Results and discussion

Test results
Key result
Species / strain:
S. typhimurium, other: TA 1535, TA 1537, TA 98 and TA 100
Metabolic activation:
with and without
Genotoxicity:
negative
Cytotoxicity / choice of top concentrations:
no cytotoxicity
Vehicle controls validity:
valid
Untreated negative controls validity:
valid
Positive controls validity:
valid
Additional information on results:
- Water solubility: the test substance did not precipitate on the plates up to the highest investigated doses
- Precipitation: no

Applicant's summary and conclusion

Conclusions:
Under the study conditions, the substance was not mutagenic in S. typhimurium strains with and without metabolic activation.
Executive summary:

A study was conducted to determine the in vitro genetic toxicity of the substance according to OECD Guideline 471, in compliance with GLP. Salmonella typhimurium strains TA1535, TA1537, TA98 and TA100 were exposed to the test substance at concentration levels of 0, 4, 20, 100, 500, 2500 and 5000 µg/plate with and without metabolic activation (S9-mix induced Aroclor 1254), and to negative or positive control substances for 48 h.

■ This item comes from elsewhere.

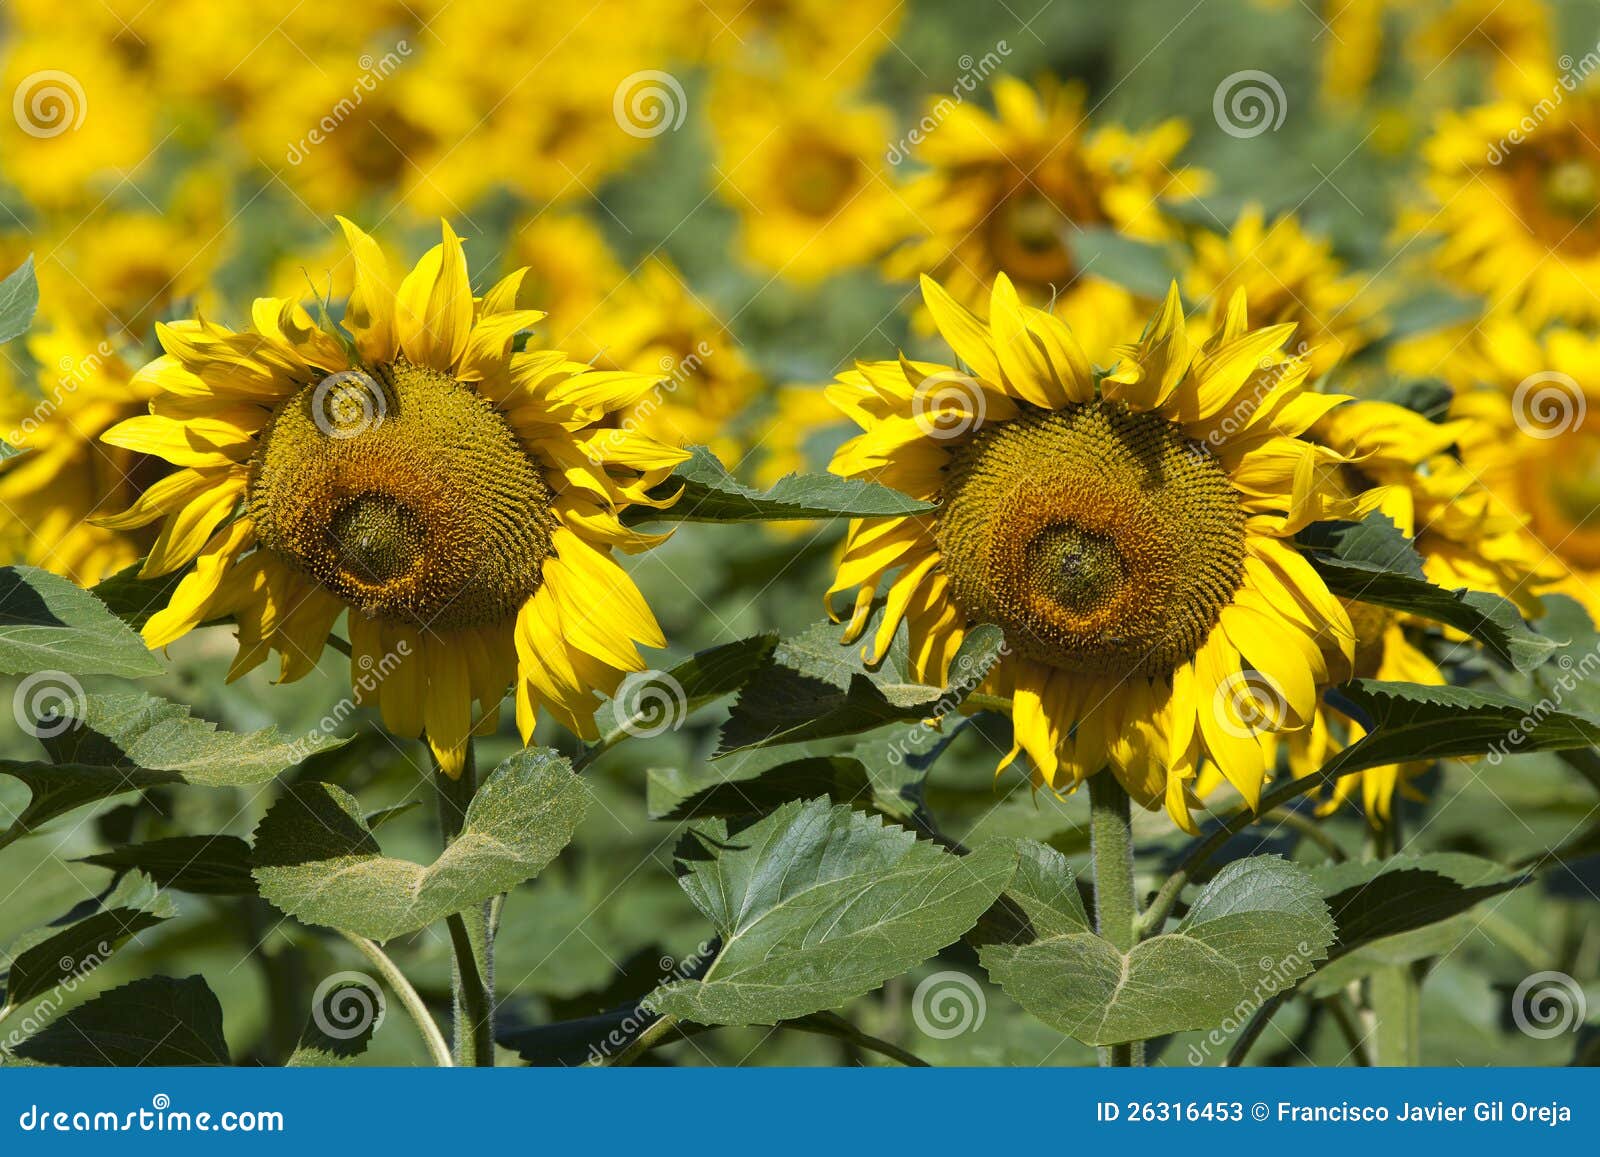 sunflowers, villarcayo

In the dose range finding study, the test substance proved to be toxic for the bacterial strain TA 100 in the absence of a metabolizing system at a dose of 5000 µg/plate. Therefore 5000 µg/plate was chosen as the highest dose in the experiment. The test substance did not precipitate on the plates up to the highest investigated doses. The test substance did not induce toxicity or an increase in number of revertants at any concentration level. Under the study conditions, the substance was not mutagenic in S. typhimurium strains with and without metabolic activation (Hoechst, 1994).